Pitchfork’s festival has always fought the good fight to rise above the internet buzz of the now and host emergent, top-notch tuneage. Bursts of unbridled true colors have been spotted the past four years (see fire marshals suppressing the onstage parties of Girl Talk and Dan Deacon), and this year was no exception.

Aside from the media shitstorm that is Wavves, and the photographer-shunning set the duo sludged through mid-afternoon, Saturday was full of affirming sets that left crowds and artists confused.
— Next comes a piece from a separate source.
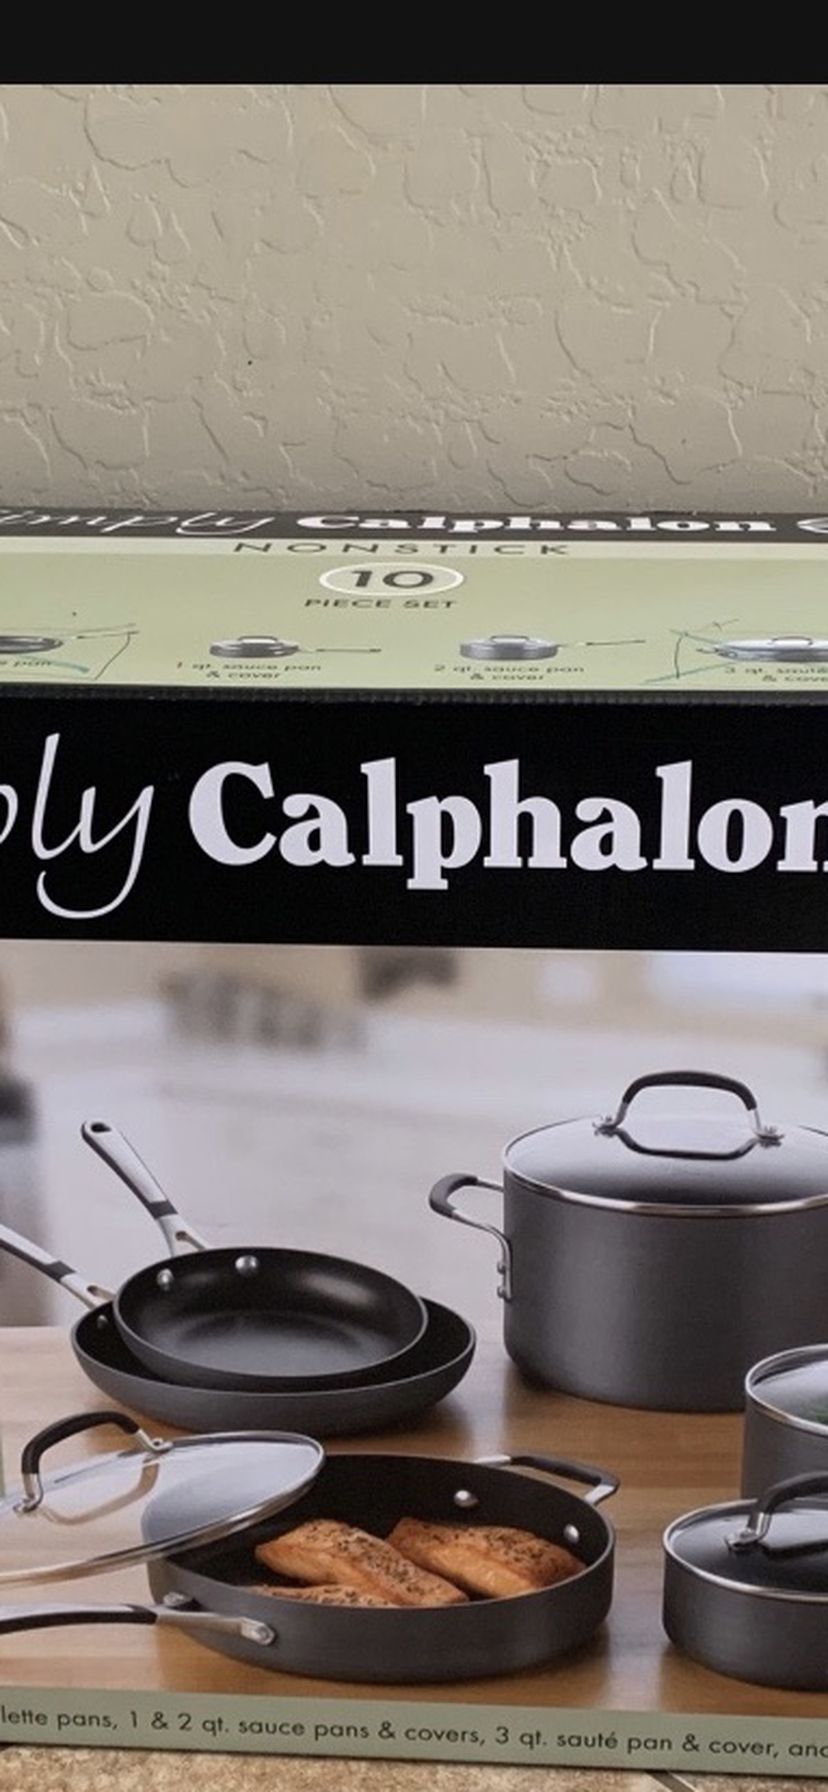 Simply Calphalon Hard-Anodized Nonstick 10-Piece Cookware Set

Opener Cymbals Eat Guitars are just starting to see the light outside of their New York garage, and yet could not comprehend how triumphantly they killed the Pavement-ethos of hit single, “And The Hazy Sea.”  Meanwhile, Beirut’s Zach Condon quipped that the audience was the largest his dear ukulele had ever seen, before witnessing a few interesting souls crowd-surf in synch to baroque waltzes from Gulag Orkestar.  

I could ruminate how the music industry is so completely privatized that there will forever be a yearn to communally appreciate artists at large-scale festivals like this. But really, Saturday was Pitchfork concretely evolving into one of the best destination festivals around, complete with every division of taste and tastemaker.

The evolution of the festival has certainly not always been the almighty finger-on-the-pulse. Yoko Ono in 2007? The woman wasted a good half-hour of people’s attention teaching the audience how to say “I love you” with a flashlight. But capped by The National’s brooding, Viking guitar voyages, supported by an ear-to-ear smile session in drum-and-organ pop from Matt and Kim, DOOM’s purebred hip-hop and a retro-punk stage destruction from the Black Lips, Saturday was the sound of attention being rewarded.